Hi! For my 55 gallon tank, I am going to stock with 1 opaline gourmi, 5 turquoise rainbowfish, 5 buenos aries tetras, 5 blak phantom tetra, 1 red tailed black shark, and pictus catfish.

I am wondering how many catfish I should get.


----------



## Redhead305 (May 30, 2012)

go with a min of 3 i have 3 and despite having tons of hiding places they aren't shy anymore and actively come out.
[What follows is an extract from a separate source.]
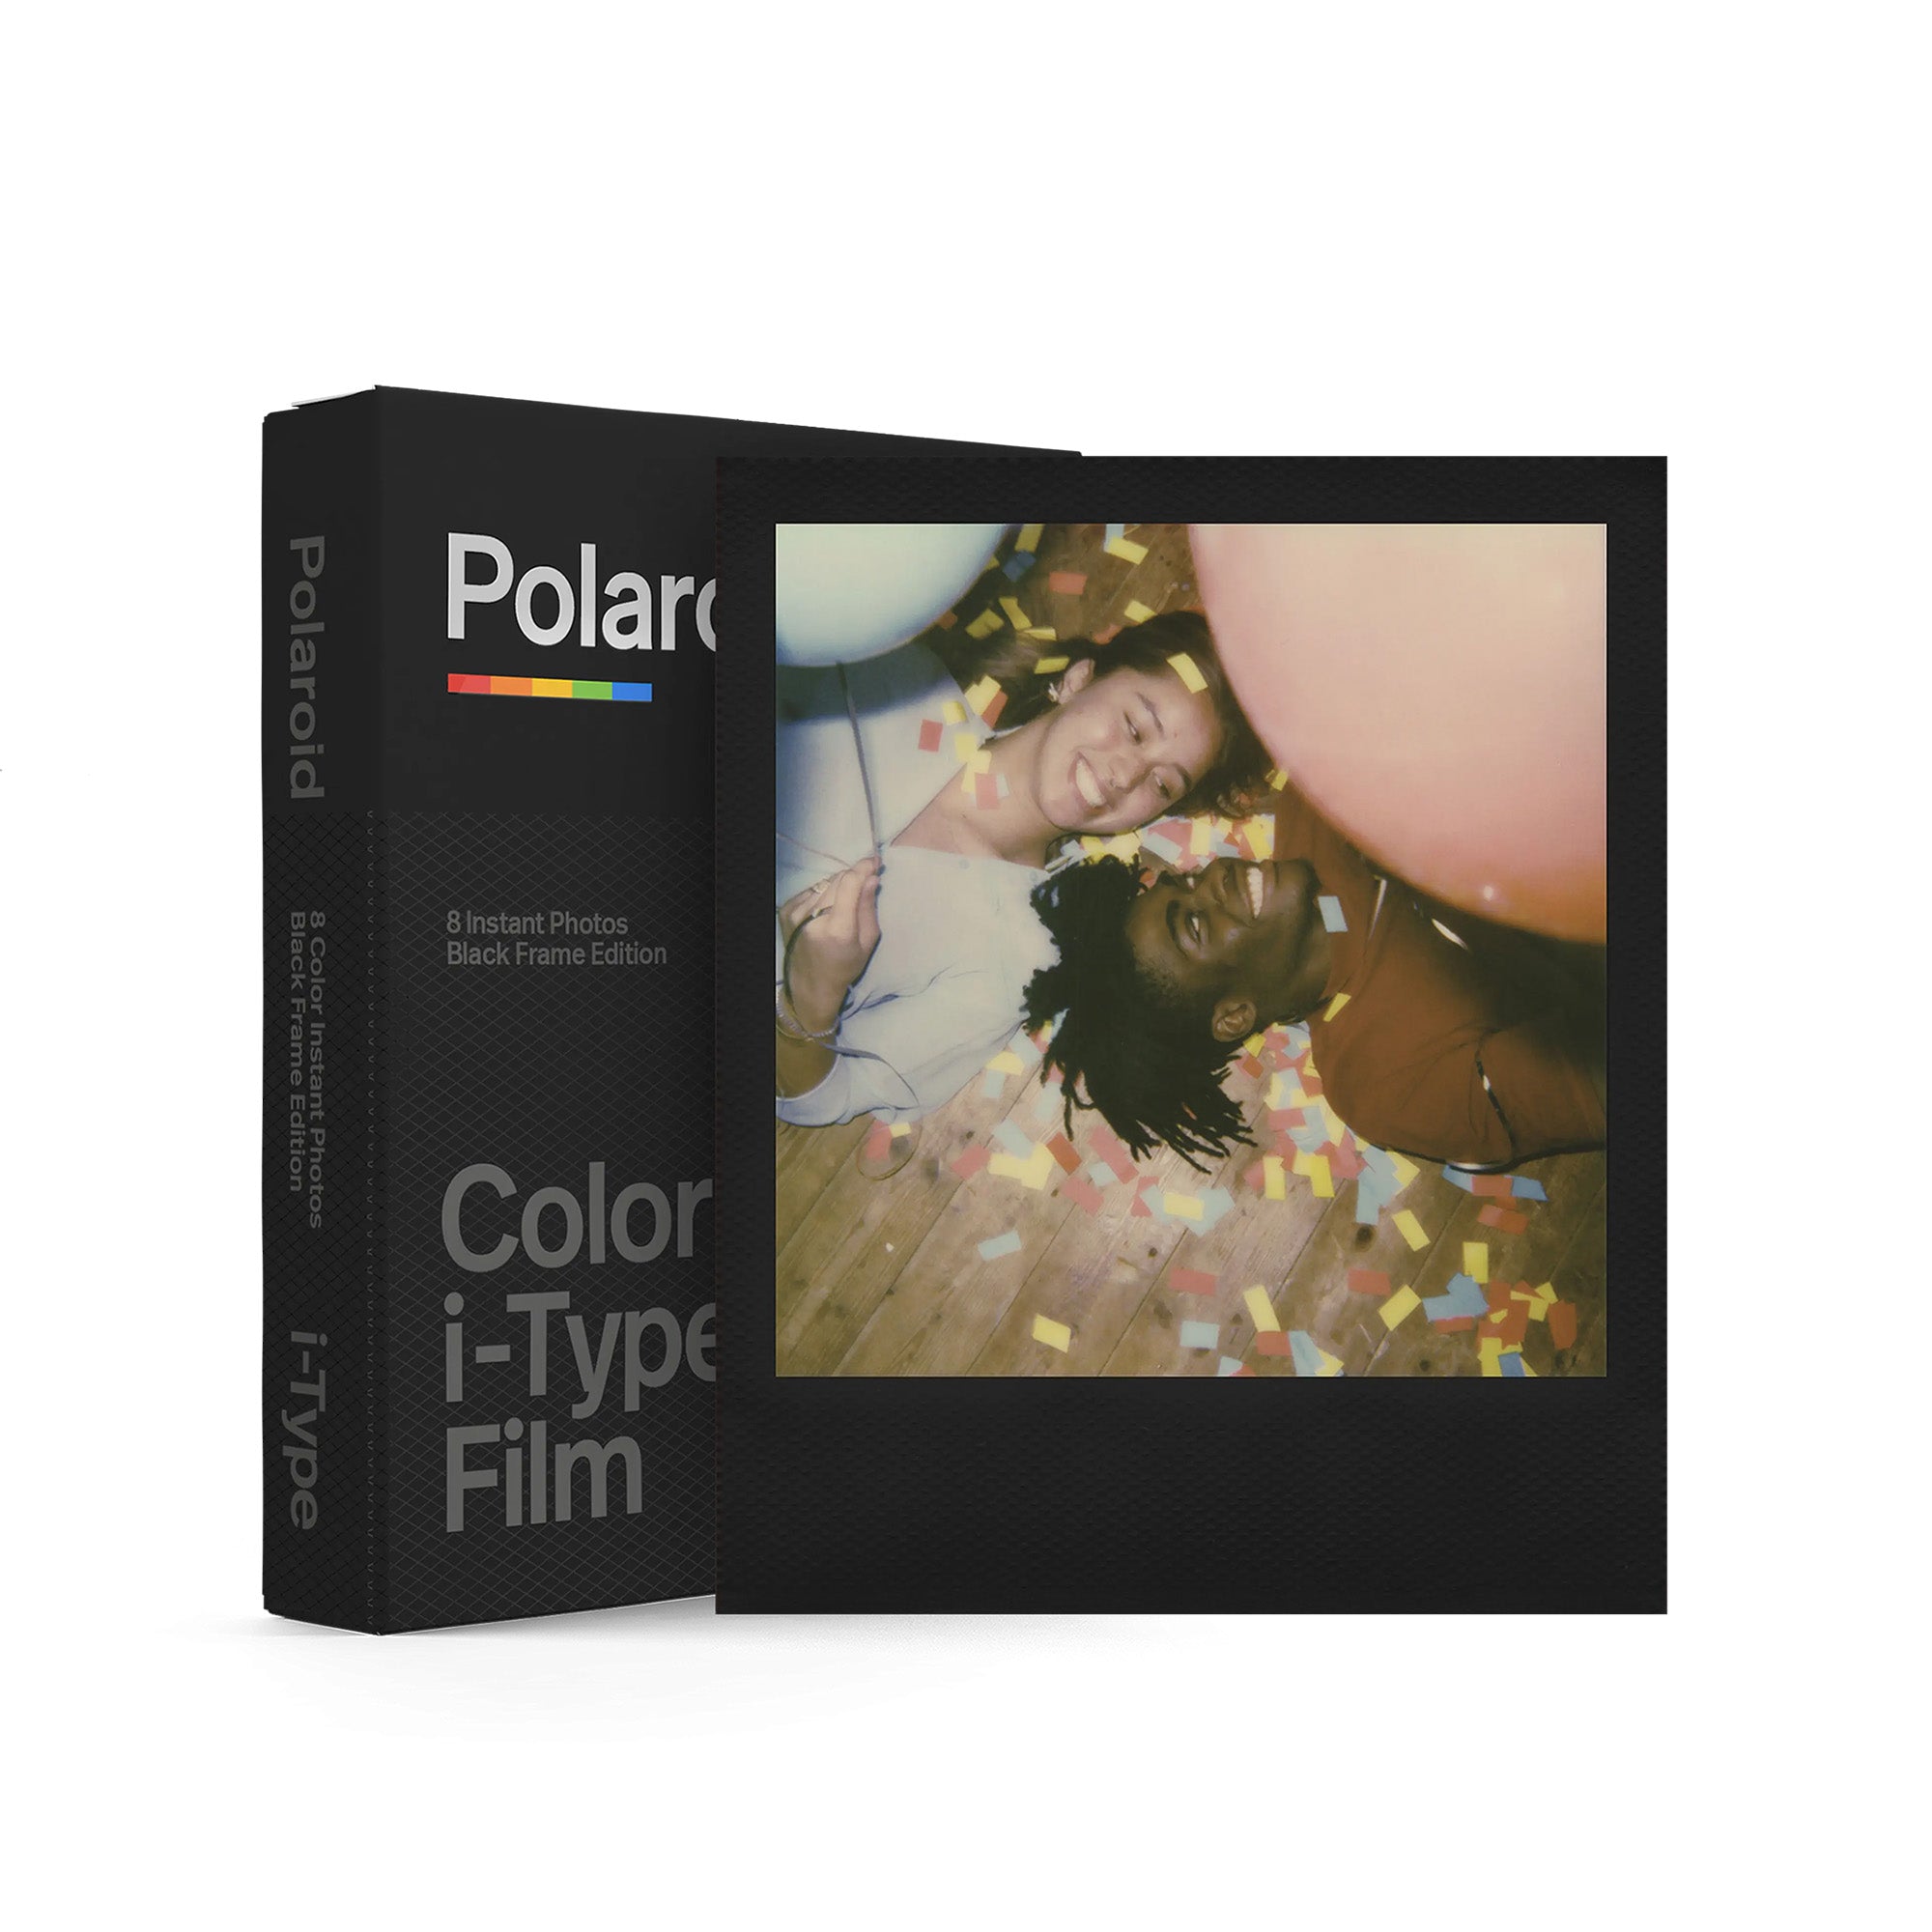 POLAROID COLOR I-TYPE FILM - BLACK FRAME EDITION

I have my 3 with a rainbow shark, a opaline and gold gourami and 6 tigerbarbs in a 50g


----------



## Redhead305 (May 30, 2012)

also invest in buying a sinking shrimp pellets until they adjust to the tank. after a while they will come to the top to feed but until then will remain near the bottom


----------



## morla (Jun 23, 2012)

Ok, so 3 pictus catfish I will get! And I was planning on getting the shrimp pellets. Will they also eat the algea waffers?


----------



## Redhead305 (May 30, 2012)

they are mainly carnivores but get algae wafers because of the red tail. The pictus will pick off of it as will the rainbows and the gourami not sure on the rest


----------



## morla (Jun 23, 2012)

Ok, thanks!


----------



## Redhead305 (May 30, 2012)

no problem and remember pictus tend to eat small fish when grown


----------



## morla (Jun 23, 2012)

Ok, and I have one other question. How much do I feed the pictus catfish and red tailed shark?


----------



## Redhead305 (May 30, 2012)

i reccomend a lil after the lights go on and off they always eat


----------



## morla (Jun 23, 2012)

Ok, thanks!


----------



## morla (Jun 23, 2012)

Is it true you cant net catfish?


----------



## Redhead305 (May 30, 2012)

you can just u need a very tight weaved net similar to like a shrimp net because of the fact the catfish have spines on the pectoral and dorsil fins they tend to get stuck in the net at times when catching them i prefer using something like a dip and pour with a net. i chase them into the bucket nd out they go lol. I don't do this with cories because they usually dont get stuck. Pictus however should be scooped not netted preferably


----------



## morla (Jun 23, 2012)

Oh, ok. I will try scooping my pictus catfish when I get them.


----------